Texas investigating measles exposures at Kansas softball event

Texas investigating measles exposures at Kansas softball event
MGN ONLINE
News
Thursday, July 17, 2014 - 10:39am

Texas Department of State Health Services has issued a measles health alert after being notified by the Kansas Department of Health and Environment that more than 30 Texas residents may have been exposed to the highly contagious disease at a Wichita, Kansas, softball event during the July 4th weekend.

At least three recreational softball teams from Texas traveled to Wichita to participate in the informal tournament held at the South Lakes Sports Complex. DSHS is investigating to get additional details about the event and who may have been exposed. DSHS has not yet identified any Texas measles cases associated with the event.

DSHS urges anyone in Texas who attended the event to call the department (512-776-7676) to report the potential exposure.

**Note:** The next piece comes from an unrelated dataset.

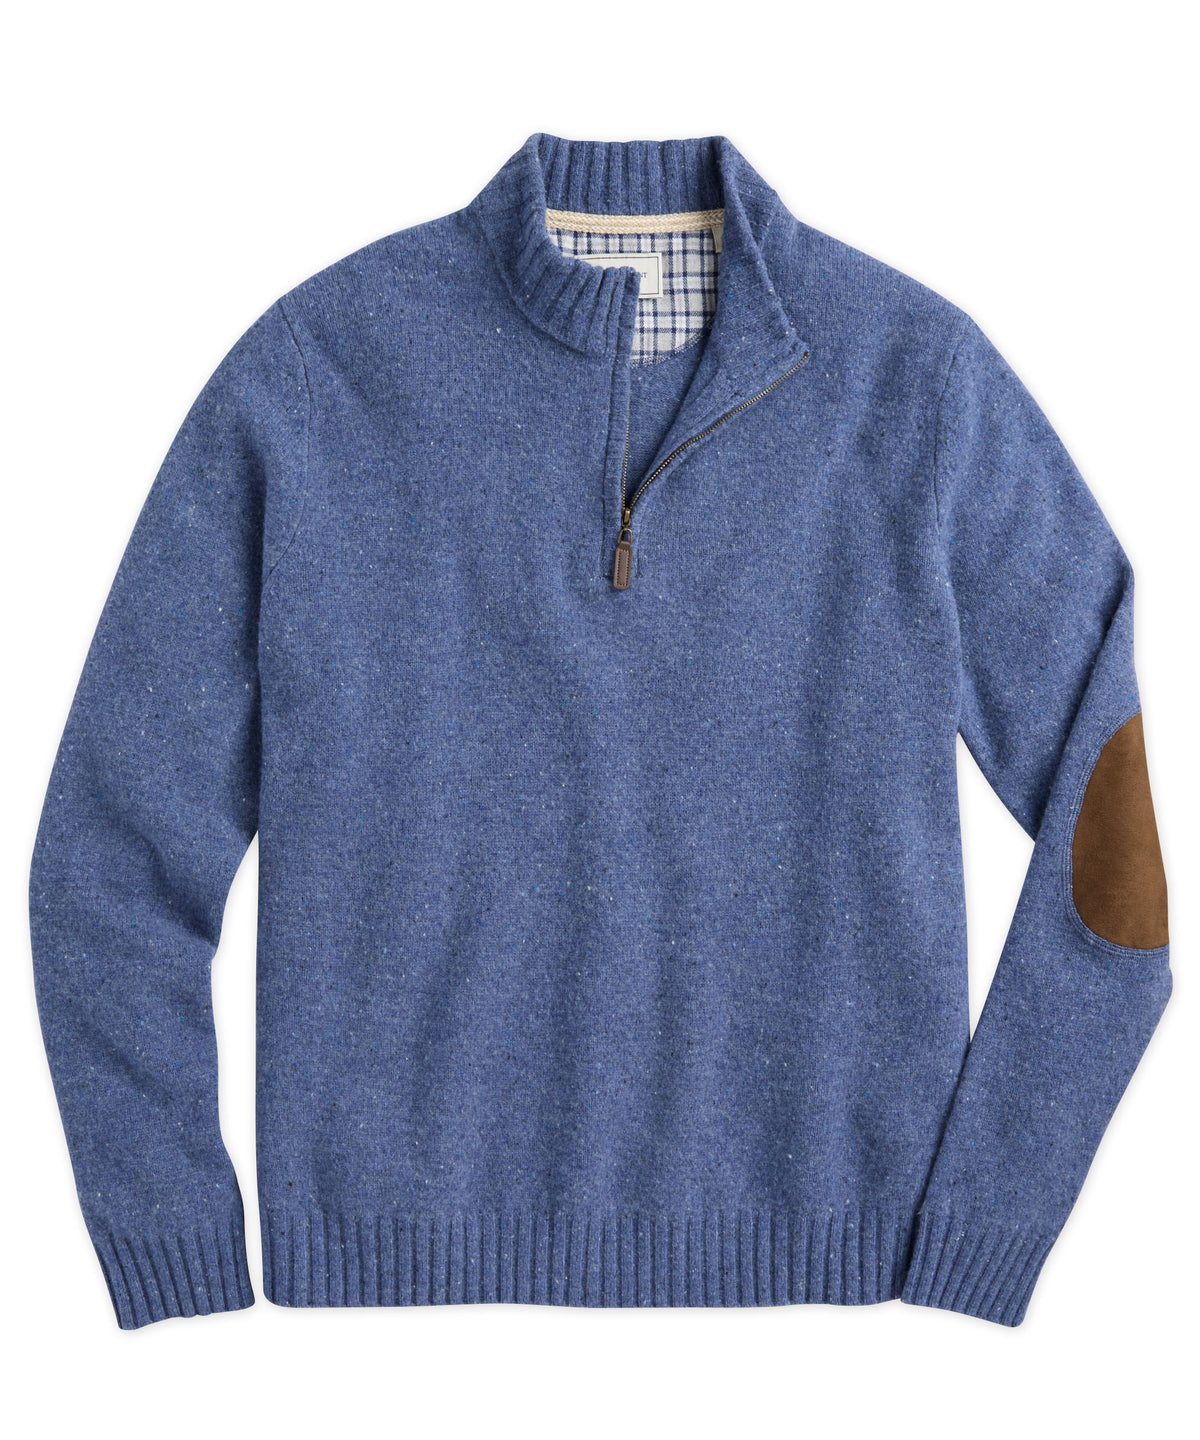 Donegal Quarter-Zip Sweater

Anyone with measles symptoms should call their health care provider. Health care providers should be on alert for potential exposures and patients with measles symptoms

The incubation period of measles is about two weeks from exposure to onset of rash, but may be as short as one week or as long as three weeks. People are contagious from four days before onset of rash to four days after the appearance of rash. The rash usually begins on the face and spreads to the trunk. Other symptoms include fever (higher than 101 degrees), cough, runny nose and sore eyes.

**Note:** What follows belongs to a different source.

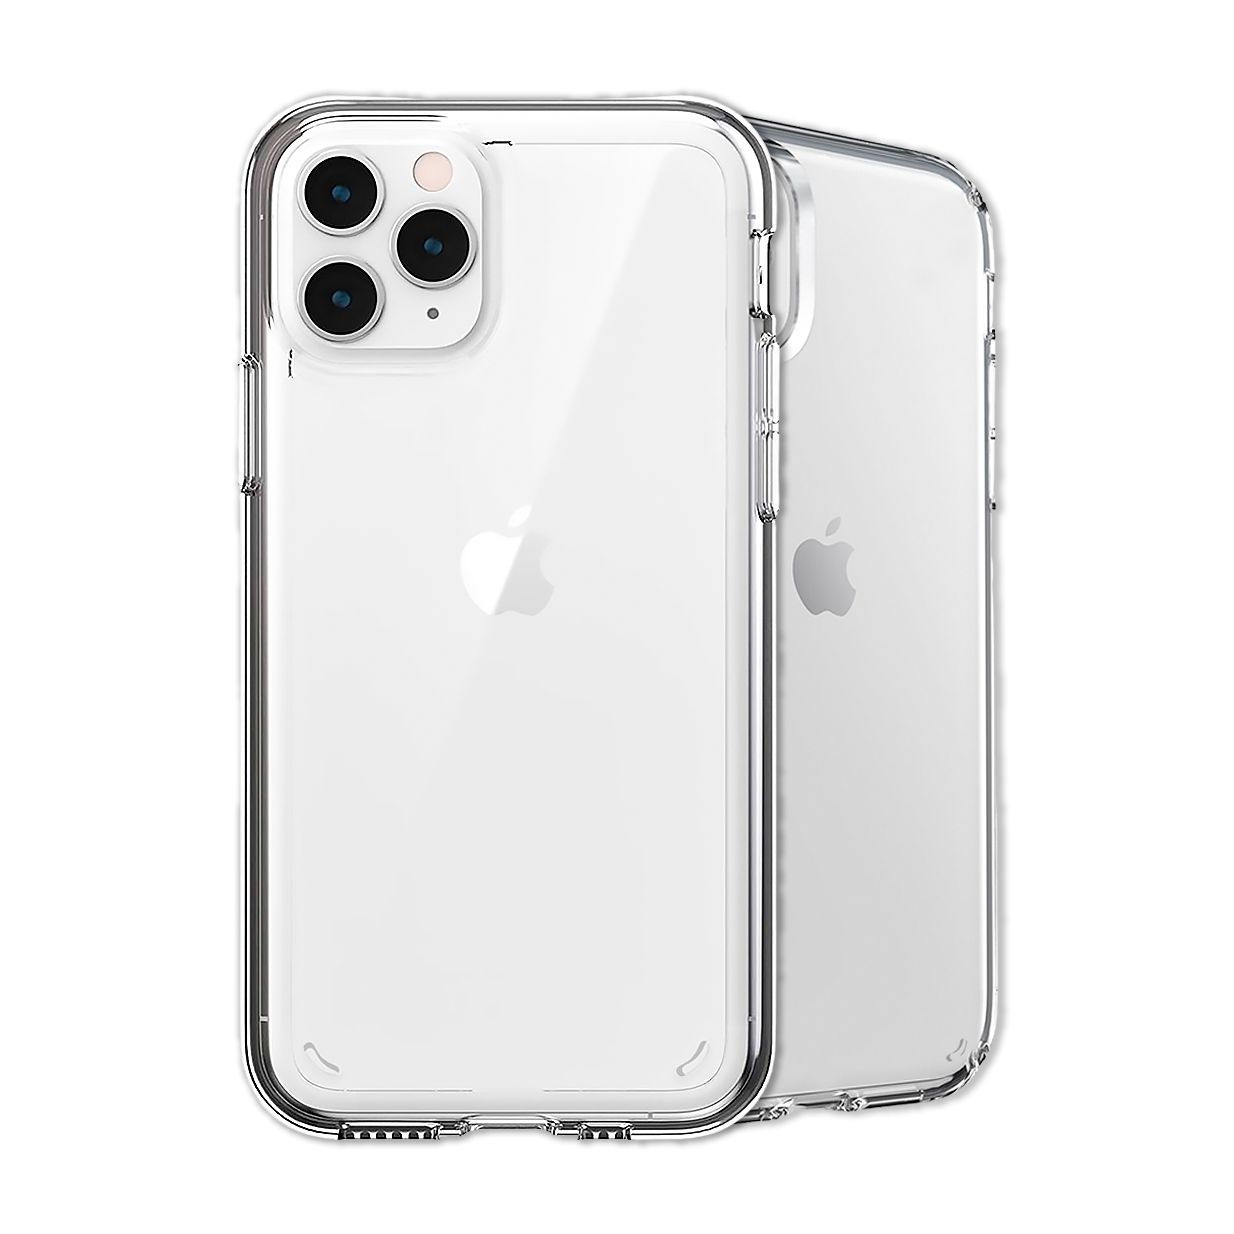 Capa Case Silicone Iphone 11 pro Original - Fujicell - Fujicell Acessórios

Measles is a highly contagious respiratory illness spread by contact with an infected person through coughing and sneezing. Measles is so contagious that if one person has it, 90 percent of the people close to that person who are not immune or vaccinated will also become infected with the measles virus.

State health officials urge immunization to protect against and prevent the spread of measles. People should check their immunization status with their health care provider.

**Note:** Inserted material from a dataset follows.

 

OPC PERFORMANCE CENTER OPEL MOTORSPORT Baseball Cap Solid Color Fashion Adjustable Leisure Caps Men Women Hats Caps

Last year there were 27 reported measles cases in Texas and none in 2012.

Doctors should consider measles in their diagnosis if they have a patient with a rash and fever. If measles is suspected, they should report the patient to their local health department as soon as possible. People who have measles or are suspected of having measles should seek medical attention and otherwise stay home until four days after the rash appeared. People with measles symptoms should contact the medical provider’s office before arrival to limit spread to other patients.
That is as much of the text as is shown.